You do not want to risk suffering joint injuries
in contact sports due to excessive twisting, jumping,
or pivoting.
Ice
- apply ice packs to the painful knee for about
20 minutes every three or four hours. You will probably
need to do this for two or three weeks or until
the pain subsides, and you may need to regularly
ice an arthritic knee after exercise or activities.

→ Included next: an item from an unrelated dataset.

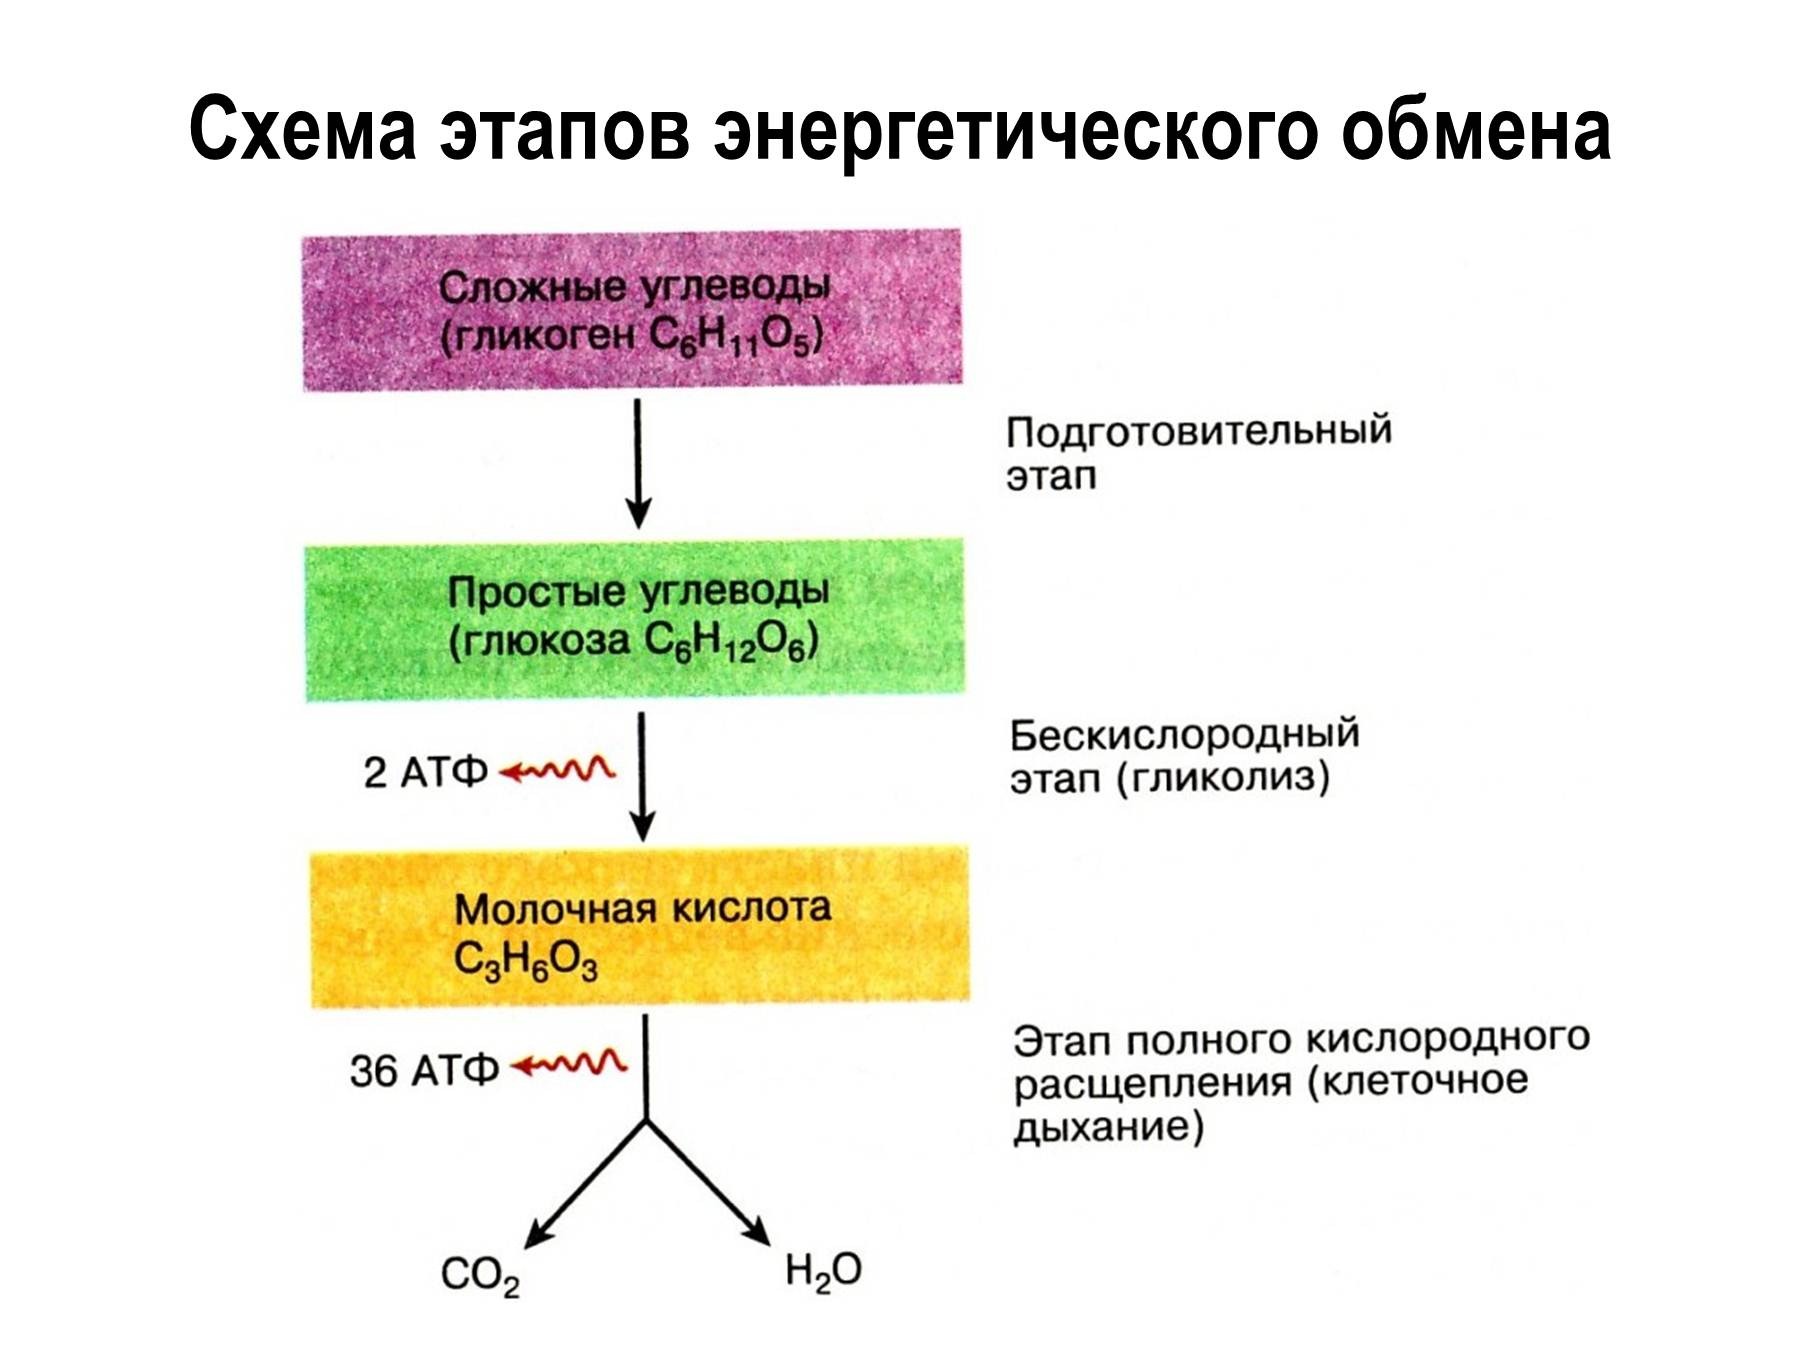 Атф синтезируется при окислении. Этапы энергия обмена веществ схема. Охарактеризуйте этапы энергетического обмена..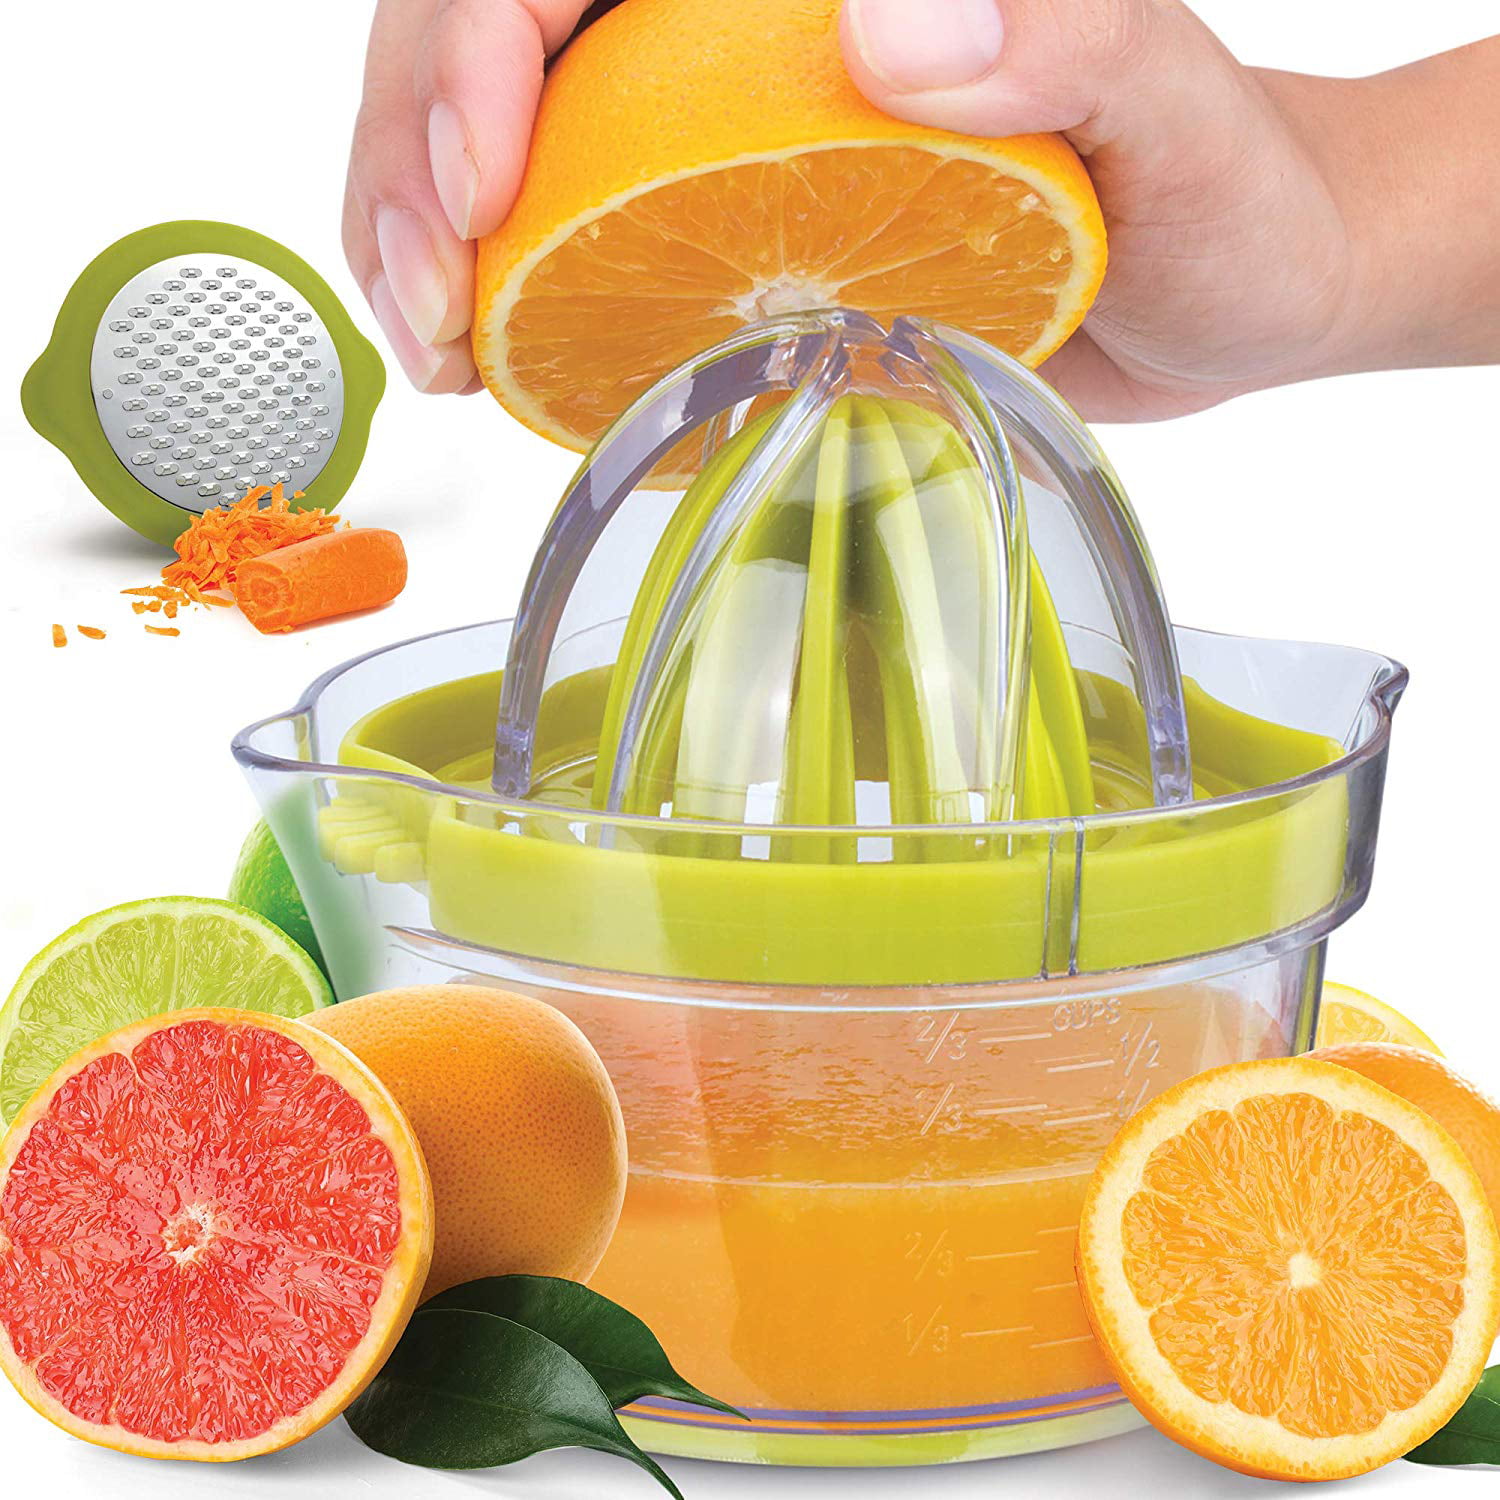 Lemon Orange Citrus Juicer, Manual Hand Juicer with Built-In Strainer

One effective way to apply ice is to use a bag of
frozen vegetables, particularly frozen peas, which
molds easily to the shape of the knee. It won't
leak and it can be re-used. (Warning: do not eat
the contents after thawing and re-freezing.)
Compression
- Though braces are never a substitute for strong
leg muscles, physicians may prescribe knee sleeves
or braces for some patients to wear for extra support
during activities that strain their knees.
Elevation
- raising your knee to a level higher than your
heart helps reduce swelling. Try to prop your knee
or ankle up on a couple of pillows when lying down
or sleeping. Your physician may refer you to a physical
therapist, who can teach you proper exercise techniques
that help maintain joint strength and flexibility
you strong without risking further damage to the
knees. Many heat treatments are also available,
including heat lamps, hot showers, heating pads,
heat ointments, and whirlpool or bath treatments.
Many people with arthritis alleviate pain with heat
treatment before activities and ice afterwards.
Heat treatment is not as common as ice and is usually
left to your physical therapist's discretion.